Boxes \( A \) and \( B \) are in contact on a horizontal fictionless surface (Figure 1). Box \( A \) has mass 21.0 kg and box \( B \) has mass 7.0 kg . A horizontal force of 130 N is exerted on box \( A \) \( A \).

We start by noting that since the boxes are in contact and there’s no friction, they will accelerate together when the 130 N force is applied to Box A. Step 1. Find the Total Acceleration The total mass of the system is   m_total = m_A + m_B = 21.0 kg + 7.0 kg = 28.0 kg. Using Newton’s second law:   a = F_net / m_total = 130 N / 28.0 kg ≈ 4.64 m/s². So, both boxes accelerate to the right with an acceleration of about 4.64 m/s². Step 2. Determine the Contact Force Between the Boxes Now, let’s examine Box B. The only horizontal force acting directly on Box B is the contact force from Box A. We call this force F_contact.

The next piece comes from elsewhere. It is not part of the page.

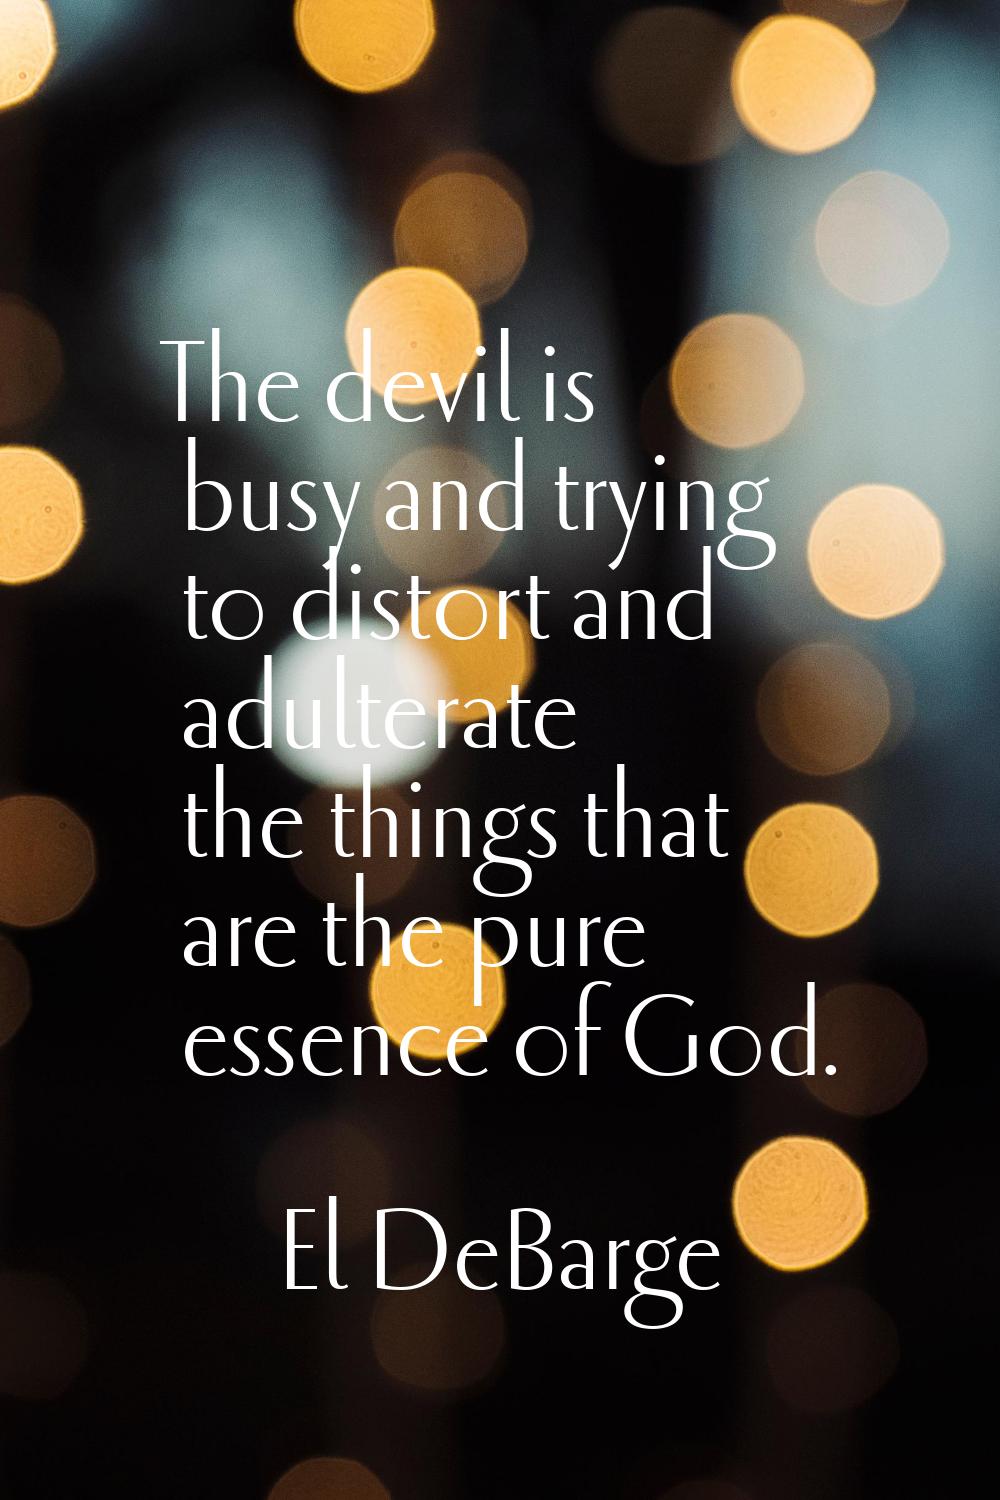 The devil is busy and trying to distort and adulterate the things that are the pure essence of God.

Since Box B has a mass of 7.0 kg and accelerates at 4.64 m/s², we apply Newton’s second law to Box B:   F_contact = m_B × a = 7.0 kg × 4.64 m/s² ≈ 32.5 N. Thus, Box A exerts a contact force of about 32.5 N on Box B. Step 3. (Optional) Verify for Box A For Box A, two forces act in the horizontal direction: the applied 130 N to the right and the contact force from Box B (which pushes back on A) to the left. According to Newton’s second law for Box A:   Net force on A = 130 N – F_contact. Setting this equal to m_A × a:   130 N – F_contact = 21.0 kg × 4.64 m/s² ≈ 97.4 N. Solving for F_contact gives:   F_contact = 130 N – 97.4 N ≈ 32.6 N, which is consistent with our earlier calculation (any slight differences are due to rounding). In summary: • The acceleration of both boxes is approximately 4.64 m/s². • The contact force between the boxes (the force that Box A exerts on Box B) is about 32.5 N.